You Need to Be Easy
I’m perpetually baffled when I see websites that don’t give me a sense of the human being behind them. I receive business cards by the ton at conferences, and I’m surprised when they don’t offer a great deal of value per square inch of paper. In fact, my own personal business cards don’t offer enough value, so they will be replaced eventually. People of Earth: make it easy for others to reach you and communicate with you.
About Pages
On your About page on your website, have a blurb about the company, if you have to, but then follow it up with a human, preferably with a picture. For every “we” site, you now need a “me” person on the site. Why? Because we do business with PEOPLE, not with corporations. The corporations give us branding and other legal constructs, but we buy from humans.
What’s important to go on that page otherwise? Two things: why should people care about you is the first. Second, here’s a hint: how do you want people to do business with you? What kind of business do you hope they do with you? (By the way, upon reviewing my About page, I’ll rewrite it tonight or tomorrow).
Business Cards
I think business cards need to be informative over clever. Clever is nice, and cheap is still icky, but if you’re not giving people enough queues about yourself, your business, your locale, and your contact particulars, it’s not going to get you to the dance. What should go on cards these days?
- Name
- Title (clever is okay, but remember this is another judgment someone is making about you)
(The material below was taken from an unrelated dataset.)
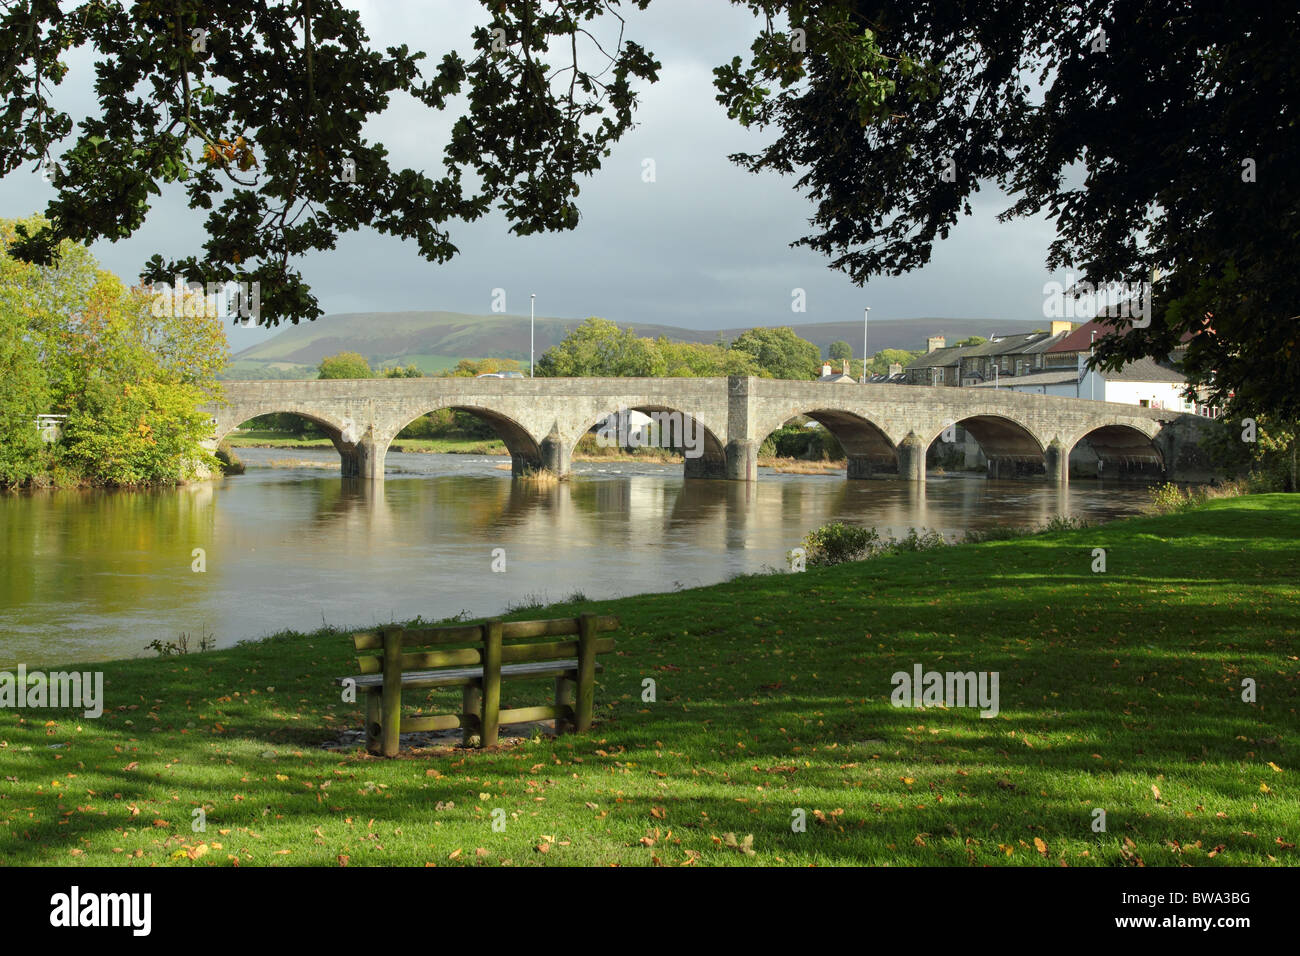 Ponte sul fiume Wye a Builth Wells, Wales UK. Foto Stock
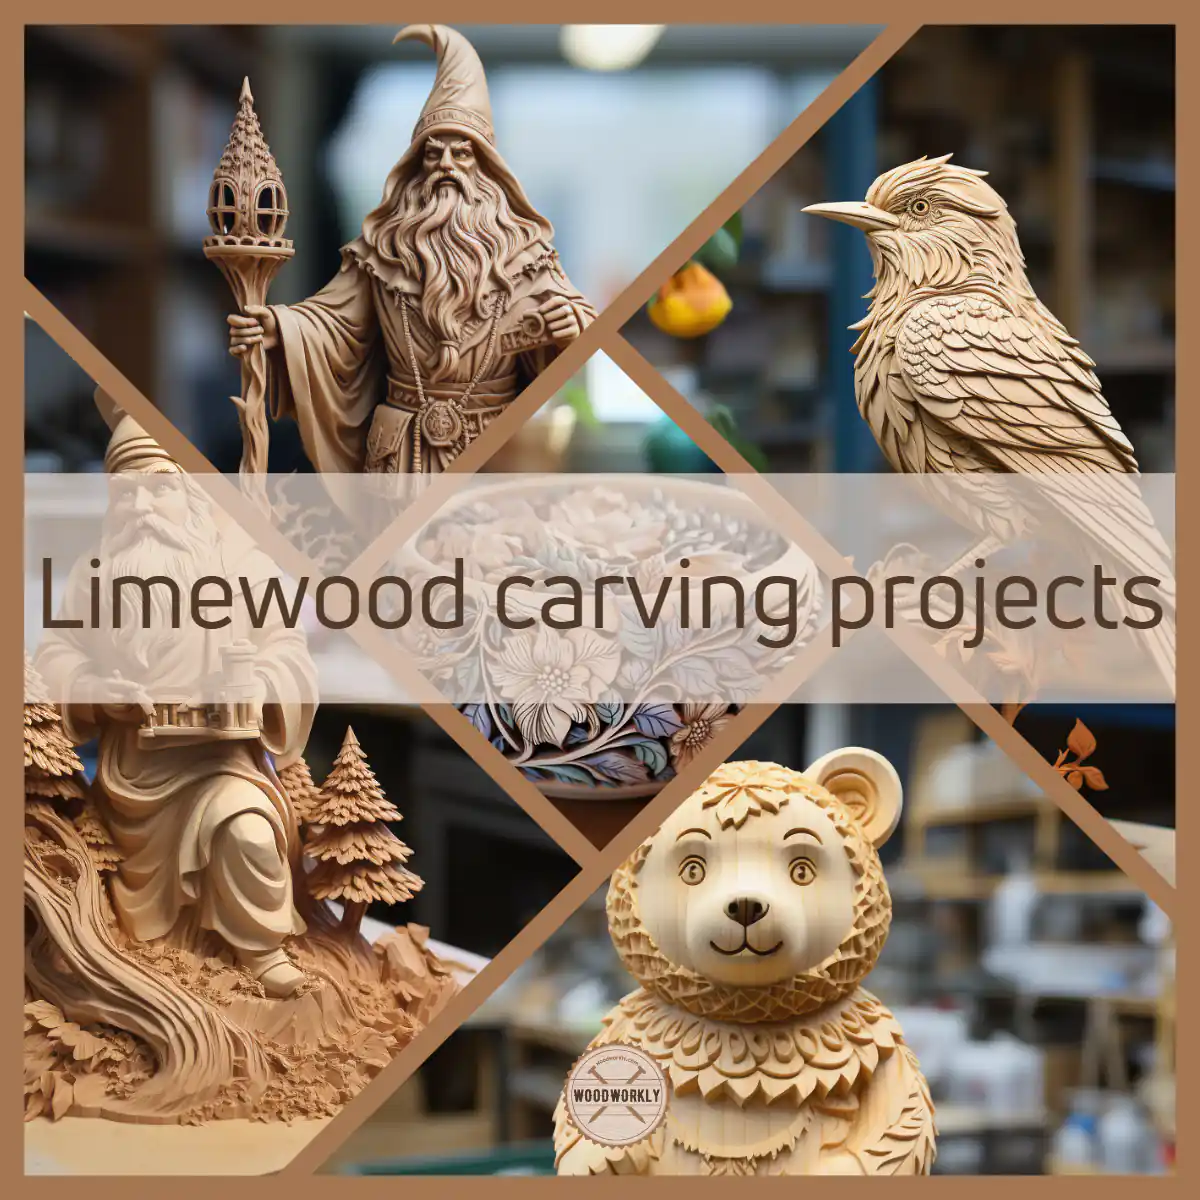 Limewood carving projects

- Company Name (if there is one; if not, be you).
- Phone number, specifically the one you hope people will call you on. I use my cell.
- Email address. New world or not, email is still the way we tend to message folks.
- Company URL (if you have such a thing)
- Blog URL - this becomes more important these days, because you want to show your humanity, and/or what’s on your mind.
- City/Town and State/Province information. I never used to have this on my cards, and even though I like being virtual, it seems that when professionals are looking at my cards, they follow up by asking where I work. When I show them my CrossTech Media cards, they immediately ask me where Canton is in regards to Boston. So that tells me they’re trying to anchor me in space.
- Maybe a tagline about the kind of business you want to do with people.
What’s Your Take?
I’m curious to know what you think about this? How are you framing your about pages and your business cards? Are you easy?